During these unprecedented times, there is much work to do be done. Fortunately, as concerned citizens of both our own countries and the world, and as experts in human behavior, we have a great deal to offer. I believe we will be called upon to identify, assess and potentially intervene to offset the most negative effects of the pandemic. Never before has developmental science seemed so relevant.

I urge you to be cautious and careful both with your own health and those around you. I also urge you to contribute in any way that seems appropriate to helping yourself and others cope with these unprecedented times. And as they say on the airplane . . . . put your own mask on before helping others . . . . translated to ISSBD and the current times, please make sure you first take care of yourself, and then reach out to help others as best you can. Make adjustments to your life. Don’t expect more of yourself than is humanly possible. Celebrate your successes. Reach out to others for help and to help. Innovate. We will have to be creative in order to get through this. And there will be years ahead when our help will be needed to help ourselves and others recover.
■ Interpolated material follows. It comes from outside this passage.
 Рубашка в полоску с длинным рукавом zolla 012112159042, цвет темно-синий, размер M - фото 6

Let me also report a few adaptations ISSBD has made. Since we had to postpone our 2020 biennial meeting in Rhodes until 2022, I invited each of our planned keynote speakers to deliver virtual pandemic keynotes. As a result, we were able to broadcast 6 pandemic keynotes live:

Title: Multisystem Resilience for Children and Youth in Disaster: Reflections in the Time of COVID-19 Speaker: Ann Masten, University of Minnesota, USA.

Title: Adolescents’ contributions to the needs of self and others: Longitudinal brain and behavioural development and effects of Covid-19 Speaker: Eveline Crone, Erasmus University Rotterdam, the Netherlands.
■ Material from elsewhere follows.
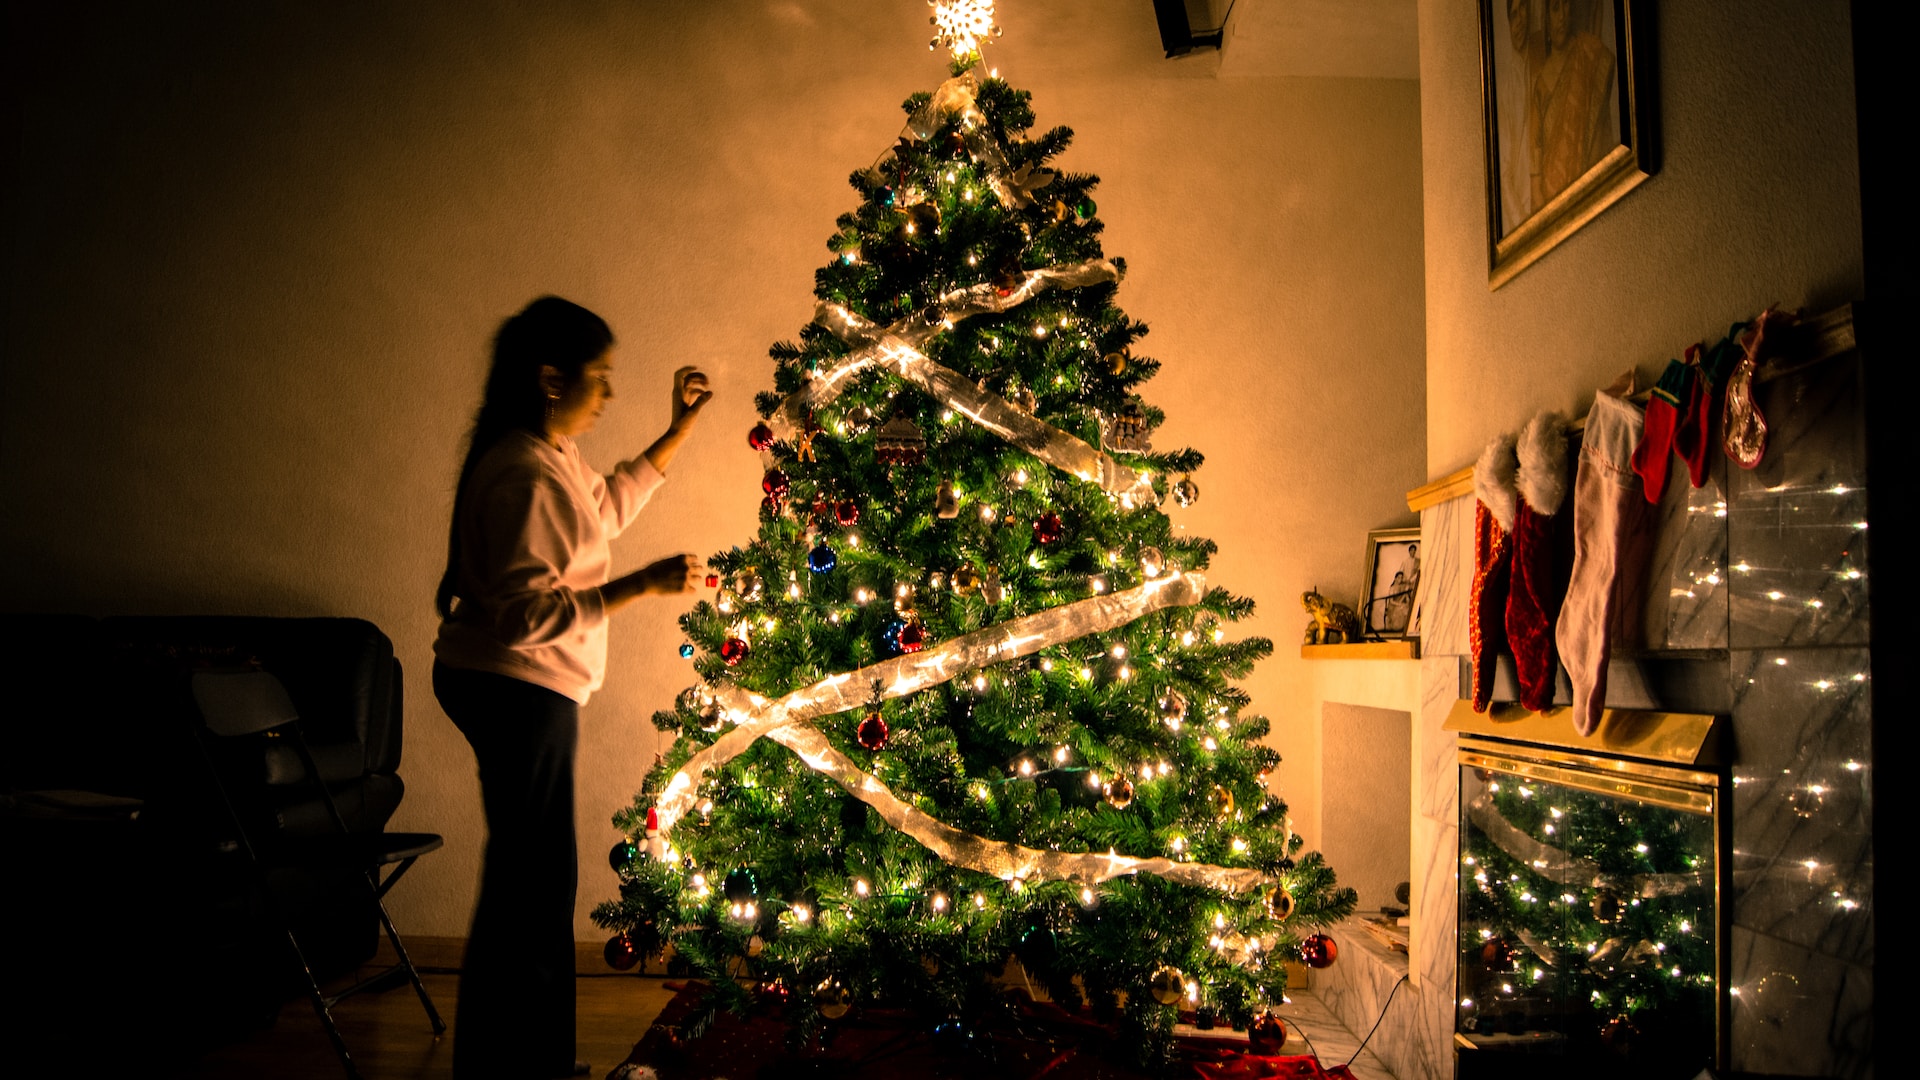 Warum wird ein Weihnachtsbaum geschmückt?

Title: *Developmental Robotics for Language Learning, Trust and Theory of Mind Speaker: Angelo Cangelosi, University of Manchester and Alan Turing Institute, UK.
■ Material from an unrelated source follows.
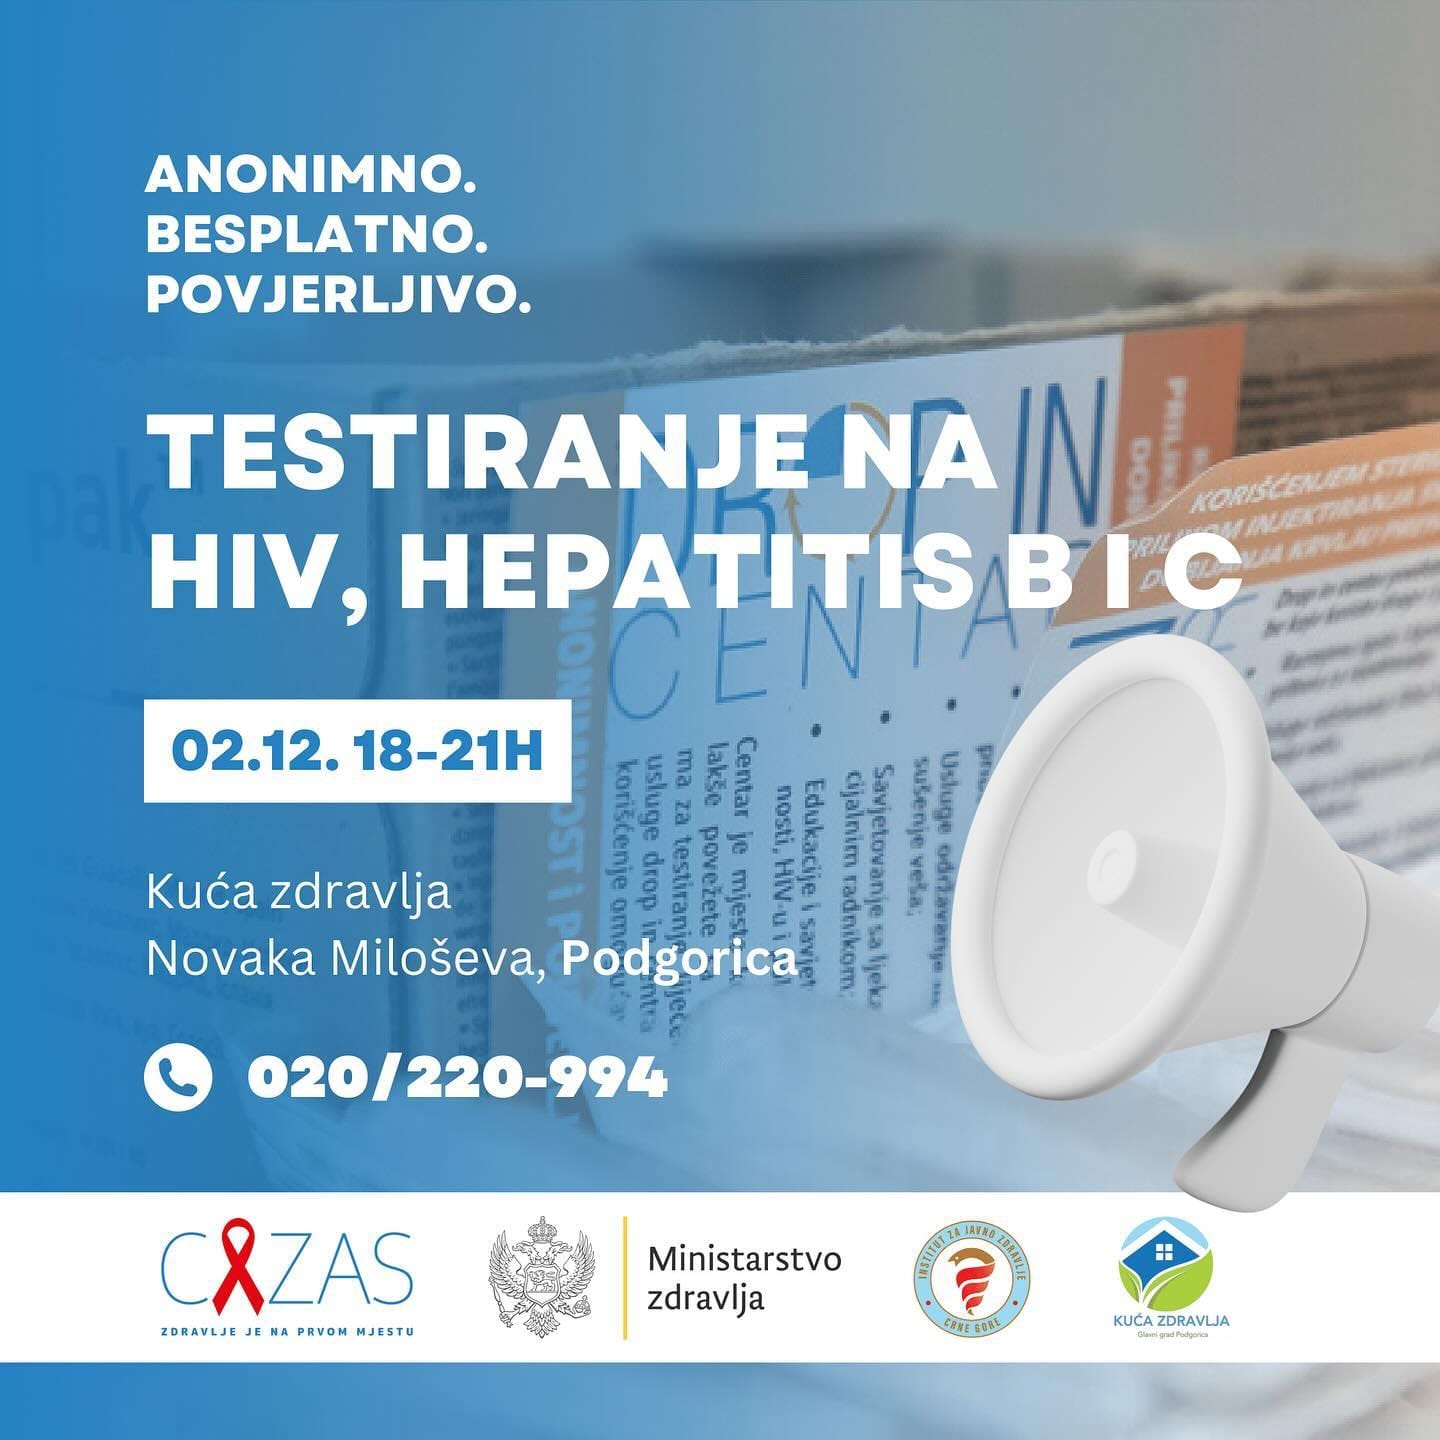 U Kući zdravlja besplatno testiranje na HIV, hepatitis B i C

Title: Challenges and Opportunities in the Aged Society Speaker: Hiroko Akiyama, University of Tokyo, Japan.

Title: Young Children’s Imagination: Reality-Based or Fantastical? Paul Harris, Harvard University, USA.

Title: Context and Research Capacity Enhancement in the Majority World Speaker: Kofi Marfo, Aga Khan University, South-Central Asia & East Africa, and University of South Florida, USA.

Fortunately, this was a highly successful endeavor. First, I am eternally grateful to these internationally distinguished scholars for donating their time and expertise to this effort. Second, I am pleased to report that an advantage of virtual keynotes is that people who would not have been able to attend the biennial meeting in Rhodes were able to hear the insightful remarks of our invited speakers. Additionally, the keynotes were recorded, with permission, and are available to an even wider audience through the ISSBD website.

Further, we have and continue to explore new ways to offer emerging scholars, most notably our Developing Countries Fellows and our Jacobs Fellows, mentorship and guidance virtually. Because we were unable to have the planned workshops in Rhodes, a number of virtual meetings have been held to provide advice and guidance on ongoing and/or planned projects.

If you have found any successful adaptation that you think might be useful for ISSBD to adopt, please be sure to let me or any other member of the Executive Committee know.

I hope you and your loved ones are safe and healthy. After these many long months, each of us has been touched by this pandemic. I stand with you and urge you to join together. By supporting one another I have no doubt that we will find the strength to withstand this pandemic and emerge from it prepared to advance the science of human development to the benefit of all.